‘About $250 billion lost so far, post economic shutdown’

Non-essentials to see deep compression

Published - April 13, 2020 10:21 pm IST - Bengaluru

General Bazar in Secunderabad, one amongst the major wholesale and retail markets in Hyderabad  was badly hit by the `bandh' called by the State BJP party on November 30, 2004  to protest against the anti-peoples policies by the State Governement and hike in petroleum prices. The shopowners and workers are waiting outside of their shops.
Photo: A.  Roy Chowdhury

General Bazar in Secunderabad, one amongst the major wholesale and retail markets in Hyderabad was badly hit by the `bandh' called by the State BJP party on November 30, 2004 to protest against the anti-peoples policies by the State Governement and hike in petroleum prices. The shopowners and workers are waiting outside of their shops. Photo: A. Roy Chowdhury

Most businesses in non-essential products and services will have to resort to scaling down of operations in the range of 25-75% in the wake of the COVID-19 pandemic and the resultant lockdown.

Automobile, high-end consumer goods, consumer durables, fancy FMCG items, expensive clothing, gems and jewellery, leisure holidays, restaurants and star hospitality will be some of the sectors that will witness deep down compression, while essential services such as food companies, pharmaceuticals and healthcare providers will continue to do business as usual, industry experts and trade body representatives said.

The compression will lead to the loss of millions of jobs across segments in the country by the end of May, although data as of now is ‘the most fragile factor’. Businesses will embark on stringent austerity measures as reducing people and minimising the use of real estate will be critical in this regard.

Pradeep Bhargava, president, Mahratta Chamber of Commerce, Industries and Agriculture (MCCIA) said the COVID-19-driven uncertainty had resulted in erosion of income at all levels.

All non-essential, luxury, high-end, lifestyle products and devices will be impacted at least for a year. These include luxury cars, super bikes, lifestyle accessories, leisure holidays, premium clothing and high-end mobile phones.

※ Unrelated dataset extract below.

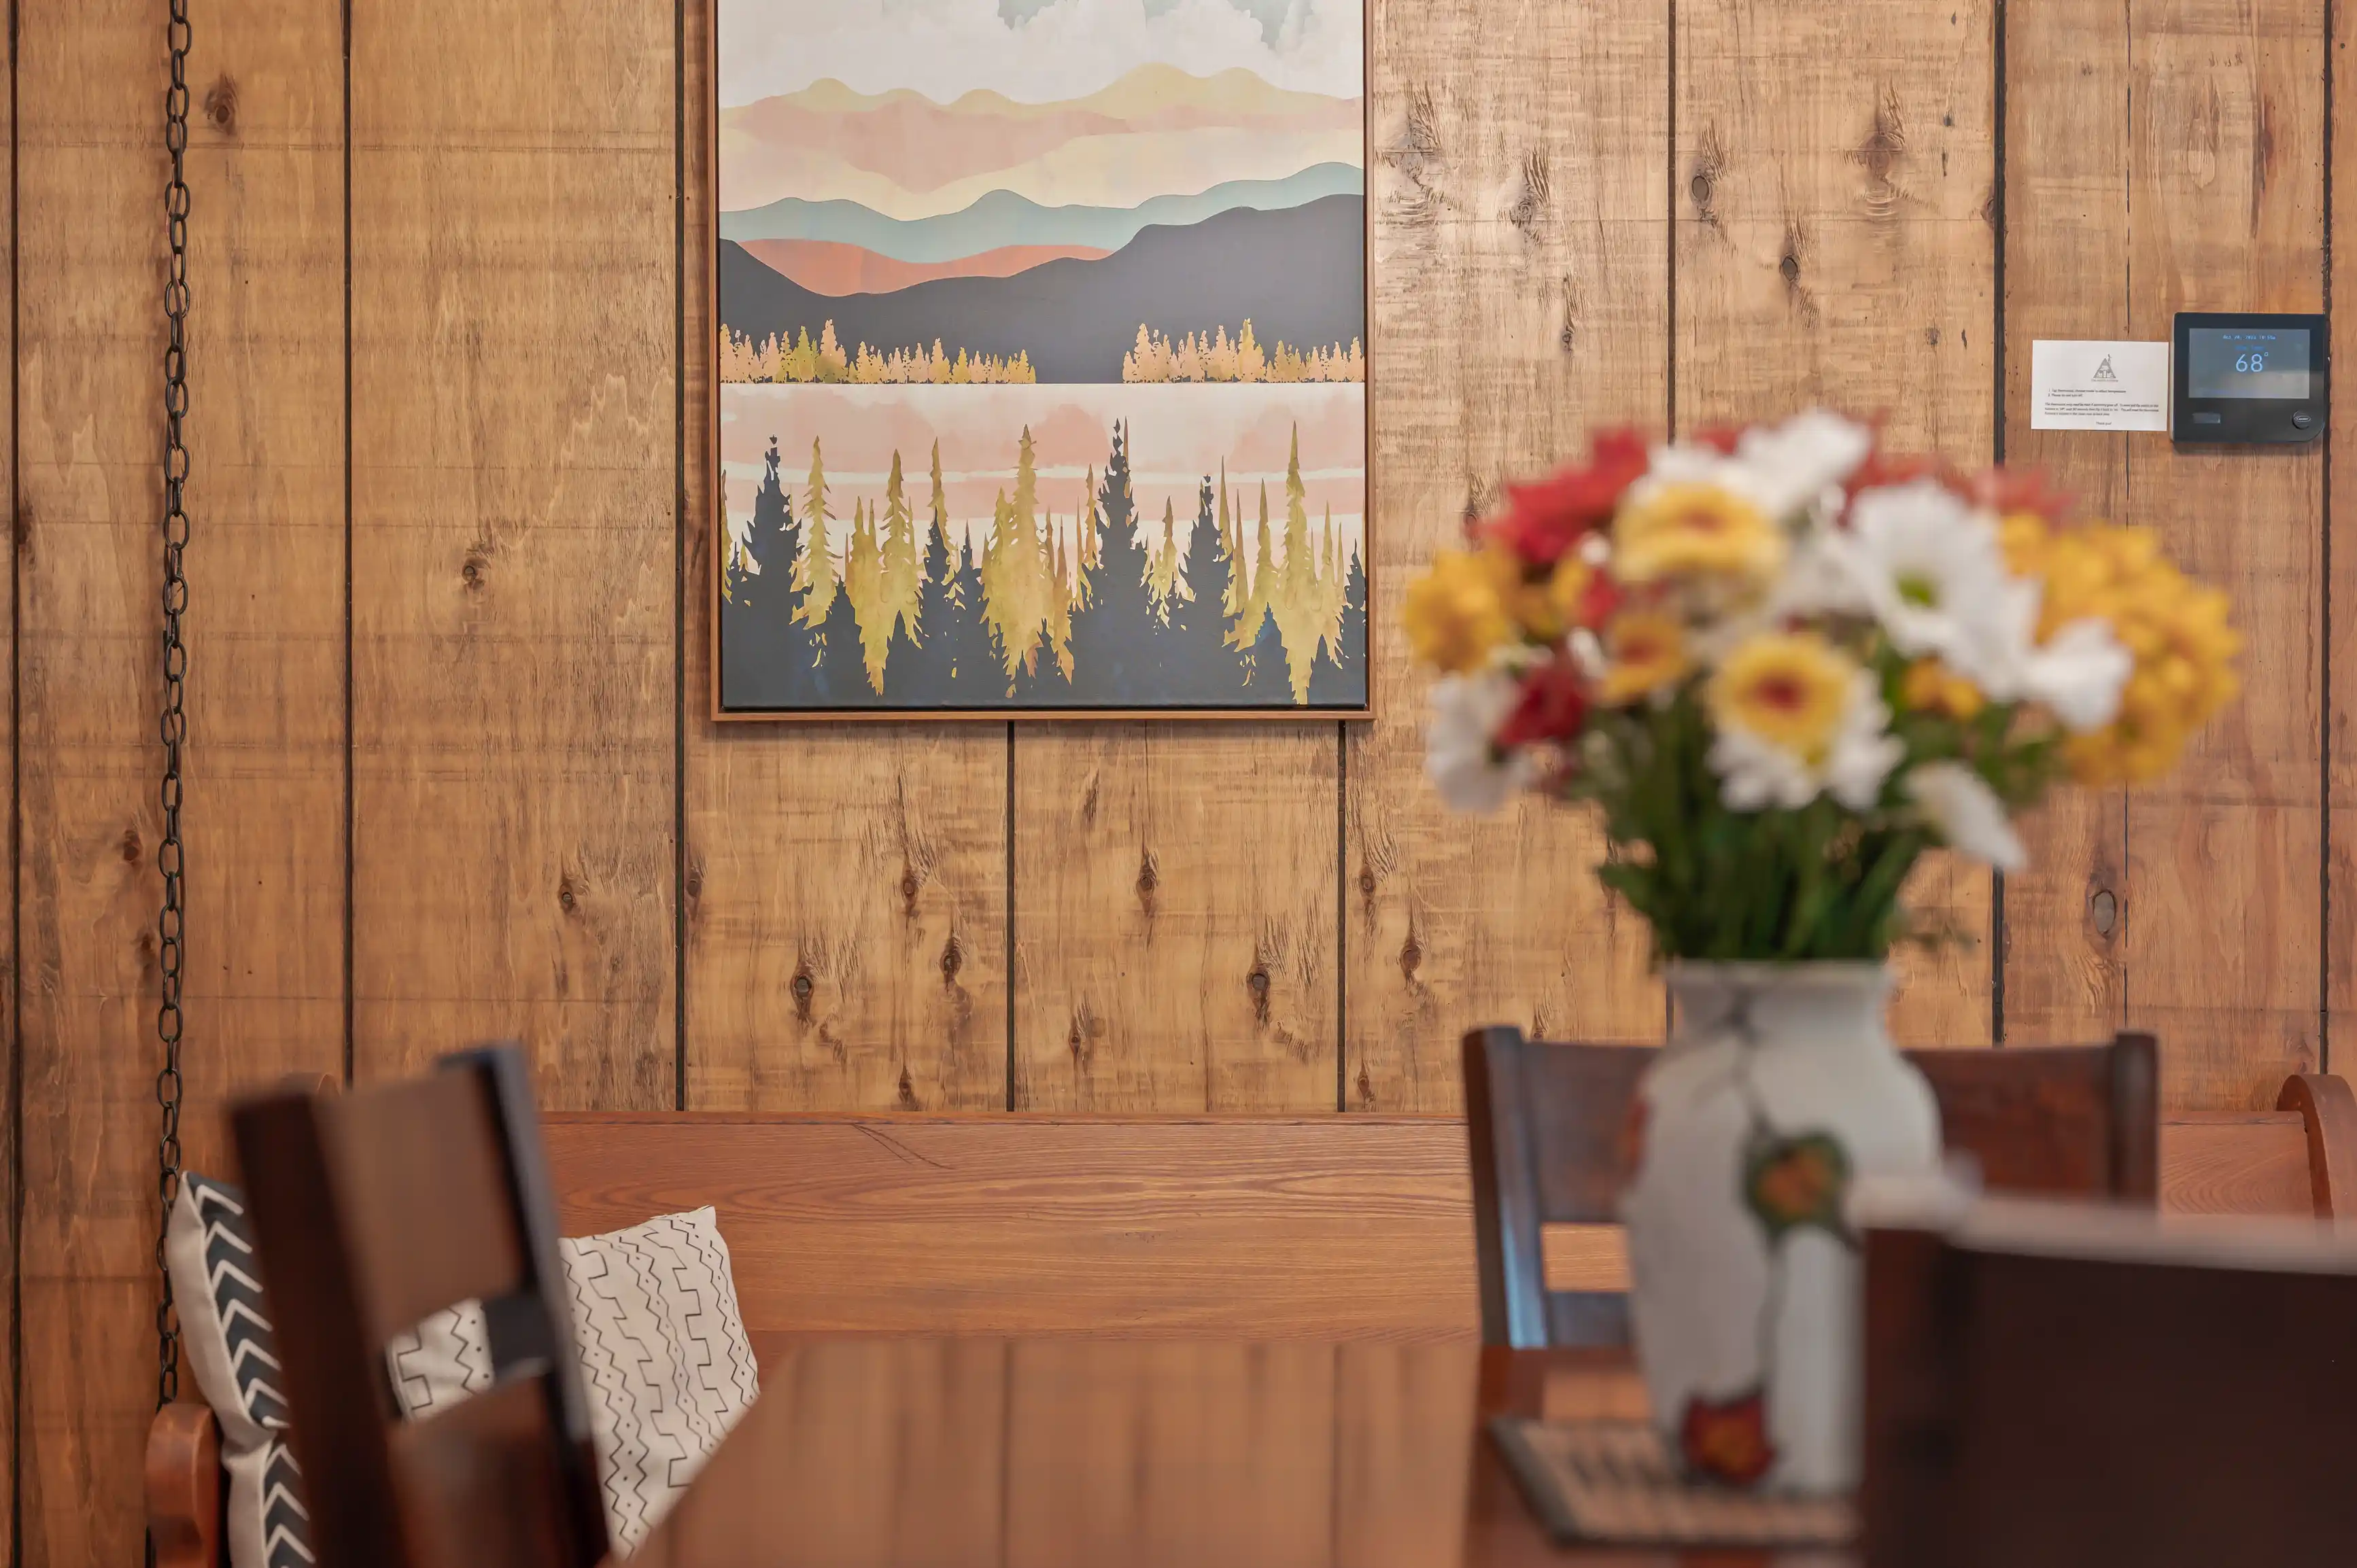 An interior view of a cozy room with wooden walls, a landscape painting hanging on the wall, a wooden table with chairs, and a vase of colorful flowers in the foreground.

Vinnie Mehta, director general at Automotive Component Manufacturers’ Association of India (ACMA) termed the current situation ‘confusingly fluid.’

“We had asked all our member companies not to lay off any employee and also to pay their salaries. We are happy to see 100% compliance to our advisory in March and we expect that to continue until April 15. But post that we are not sure of the future. The SMEs are in dire straits, the industry has no working capital to operate further.”

Automobile industry is the largest employer in the country and currently provides 38 million jobs. It accounts for 49% of the country’s manufacturing GDP of which auto component industry has a share of 25%.

“India, as a country, has lost straight $250 billion after a month-long economic shutdown. We are staring at a flat or negative economy. Demand compression has led to serious cash flow issues. Our SME sector employs 107 million people. Unless the govt. provides a cash flow relief, pretty soon, things are going to be ugly. The U.S. has a $350 billion fund for SMEs, a grant to support salaries and save jobs,” V. Balakrishanan, former CFO, Infosys, said.

Mr. Bhargava was of the opinion that India has to put at least 4% of GDP towards COVID-19 relief, and not just a mere 1.7%, as that could bring an additional 3 lakh cash into the system.